Уиннифред смяла лежащую на коленях салфетку в кулаке, встретилась с непреклонным взглядом подруги и поняла, что не может сказать «нет». Лилли всегда хотелось большего, чем они имели в Мердок-Хаусе или могли купить на свои ограниченные средства в ближайшей деревне Энскрам. Она никогда не жаловалась, никогда не увиливала от самой тяжелой работы. Она с улыбкой голодала, без намека на протест носила обноски… и с распростертыми объятиями приняла ребенка, который больше никому не был нужен.

Но порой, когда им было слишком холодно, или голодно, или слишком страшно, чтобы спать, она мечтательным тоном рассказывала о своем коротком пребывании в Лондоне – про оперу, про суаре и про эти поездки на Бонд-стрит.

Уиннифред бросила салфетку на стол, чертыхнулась – судя по всему, достаточно цветисто, чтобы оторвать внимание Гидеона от своей тарелки, – и встала.

– Прекрасно. Мы едем.

– Спасибо. Фредди…

– Мне надо починить забор.


Уиннифред выскочила из комнаты. А нрав у девушки довольно крутой, размышлял Гидеон. Не злобный и не буйный, как у его мачехи, но все равно грозный.

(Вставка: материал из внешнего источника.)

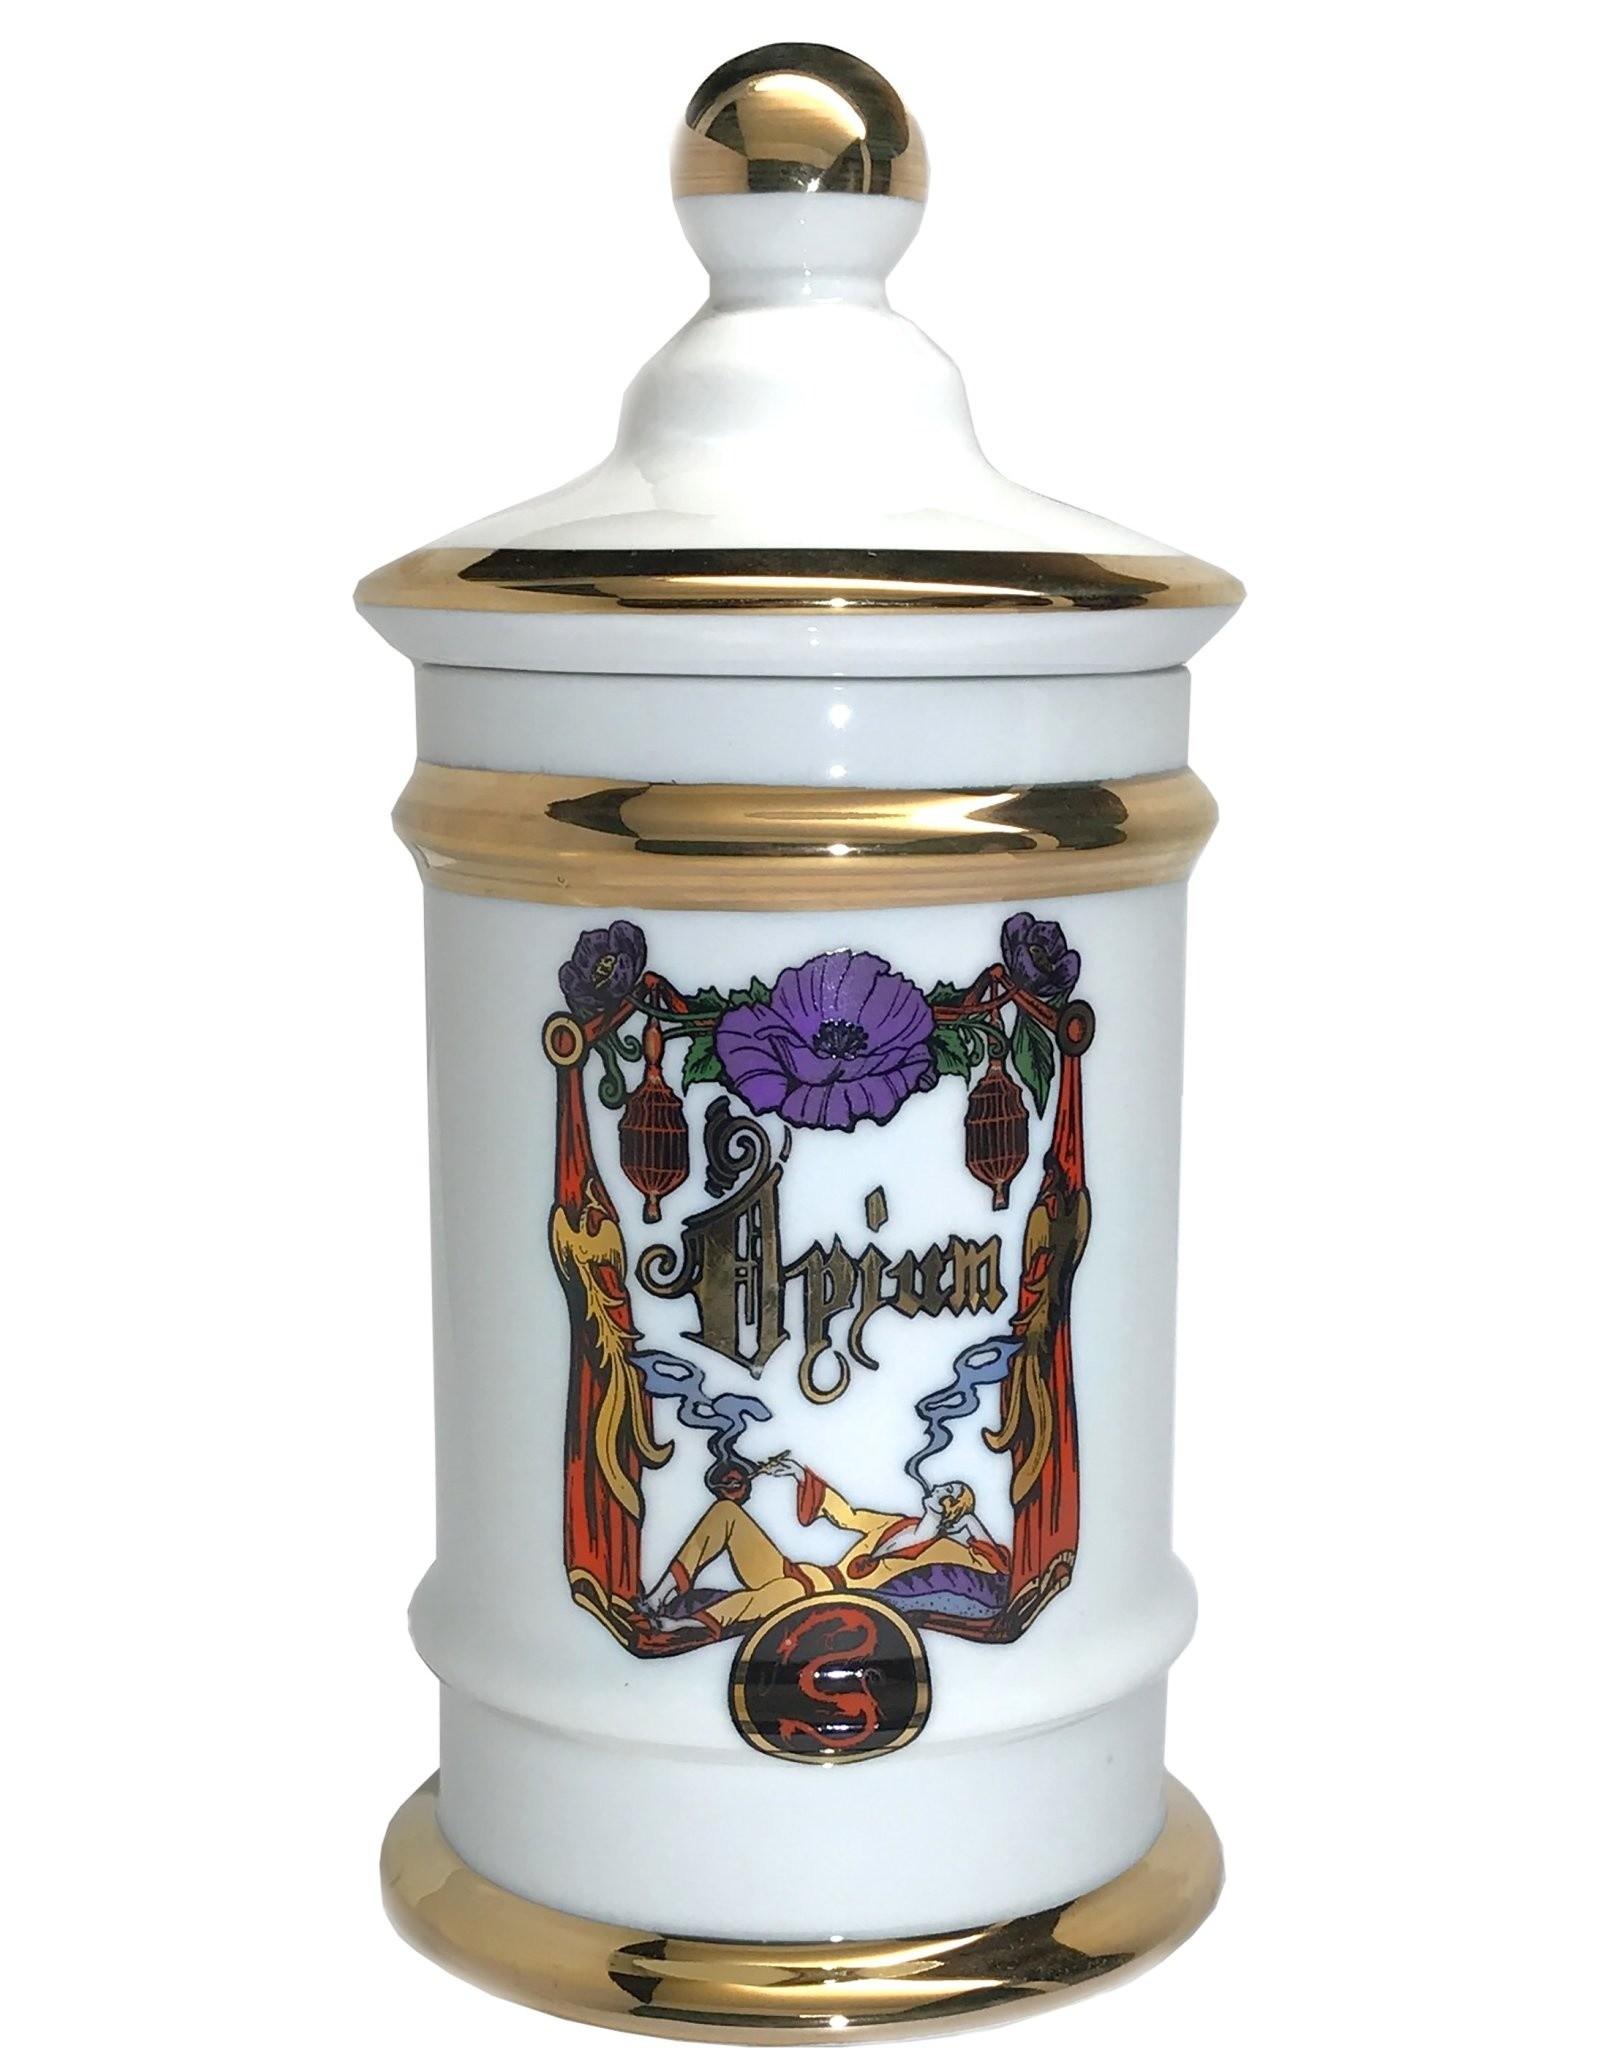 Spi-Gi Opium Candle Jar

Он находит и его, и саму Уиннифред привлекательнее, чем хотелось бы.

Он повернулся к Лилли и увидел, что она сидит бледная, с плотно сжатыми губами и покрасневшими глазами.

– Полагаю, вы считаете меня очень недоброй, – тихо проговорила она.

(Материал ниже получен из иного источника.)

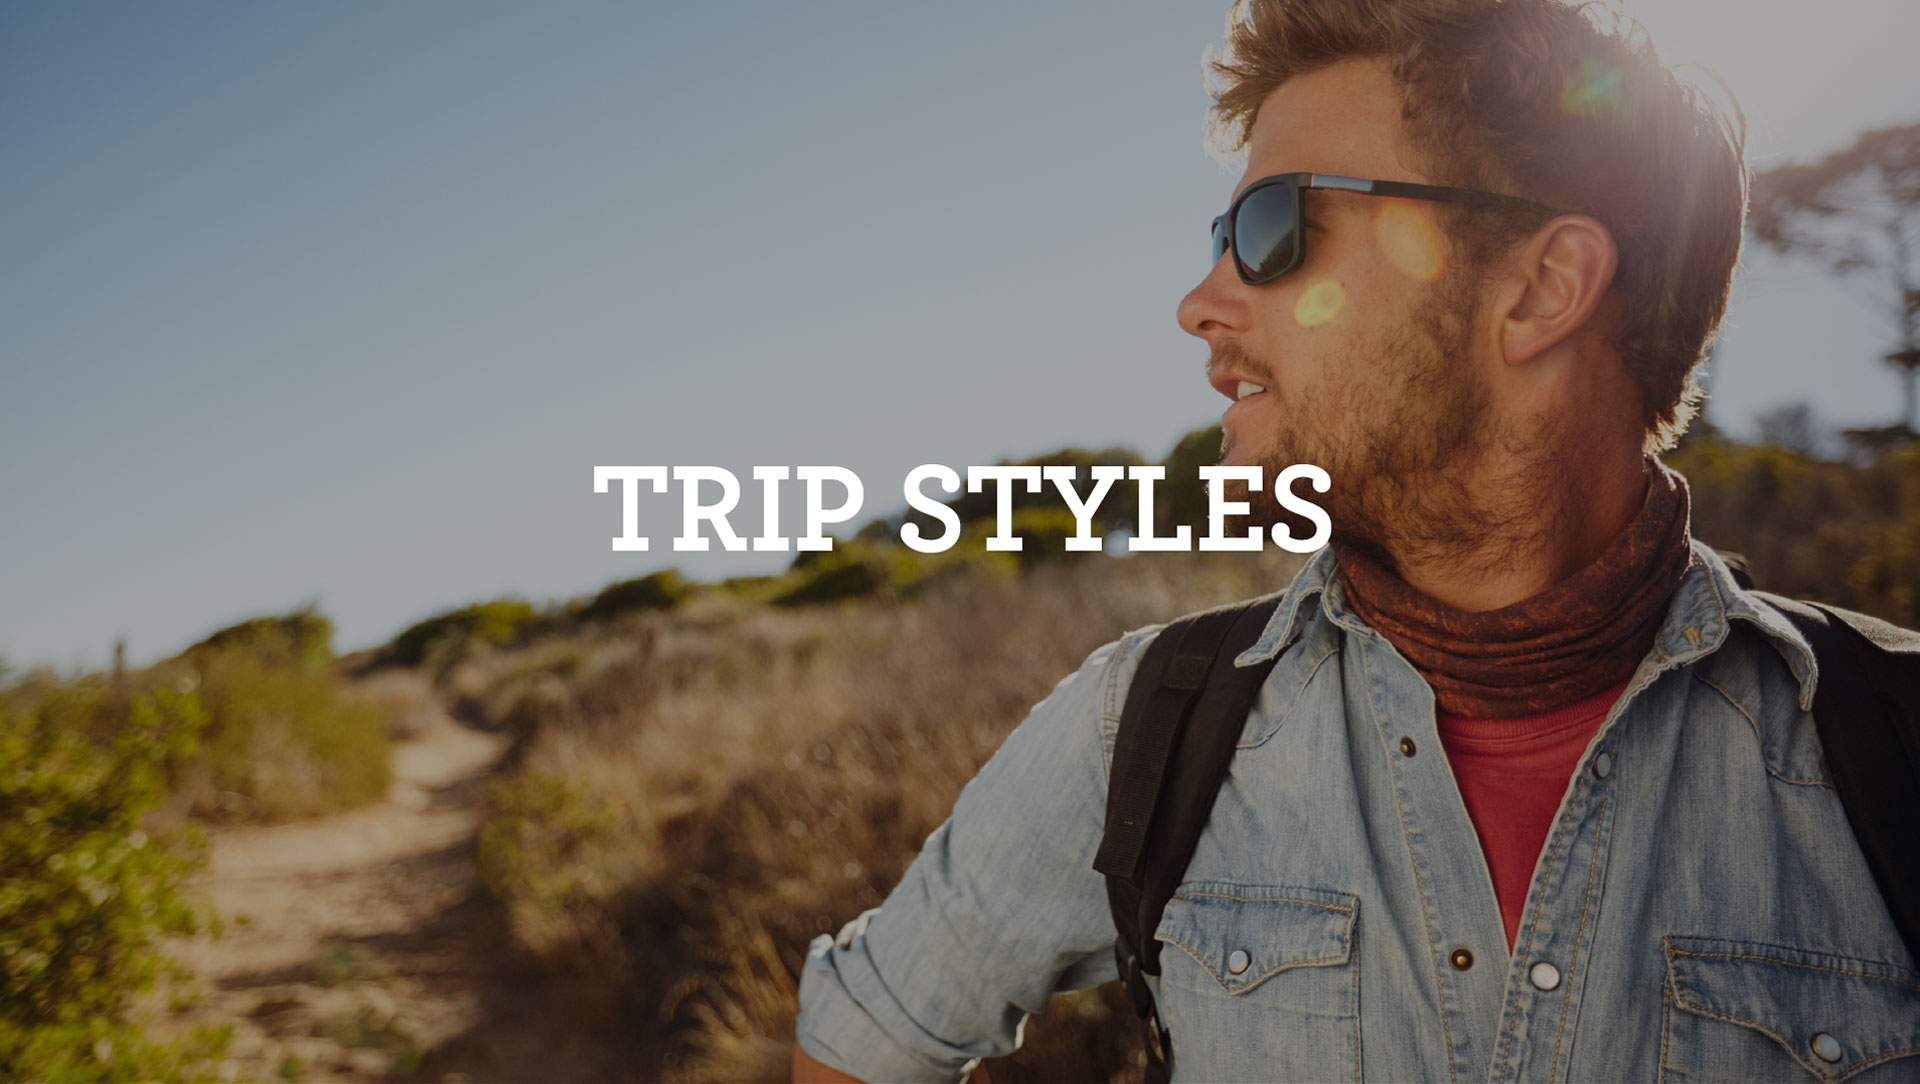 TRIP STYLES

– Напротив, я считаю вас очень умной и необыкновенно бескорыстной. – Он успел заметить мучительную тоску в ее глазах, когда она говорила о Лондоне. Она рискнула тем, чего хотела больше всего, ради того, что считала лучшим для своей подруги. – Вы делаете то, что будет наилучшим для Уиннифред.

– Это точно. – Лилли взяла вилку и поковырялась в еде, оставшейся у нее на тарелке. – Она вполне довольна своей жизнью здесь и никогда не станет искать чего-то большего, если ее не заставить. Я хочу, чтоб у нее был шанс обрести настоящее счастье.

– И она обретет его в лондонском сезоне?

Лилли удивила его, рассмеявшись.

– Бог мой, нет! Вероятнее всего, она будет чувствовать себя несчастной. Но ей необходимо сравнение. И всегда есть шанс, что она без ума влюбится в какого-нибудь джентльмена со средствами. – Она тоскливо вздохнула. – Разве это было бы не чудесно?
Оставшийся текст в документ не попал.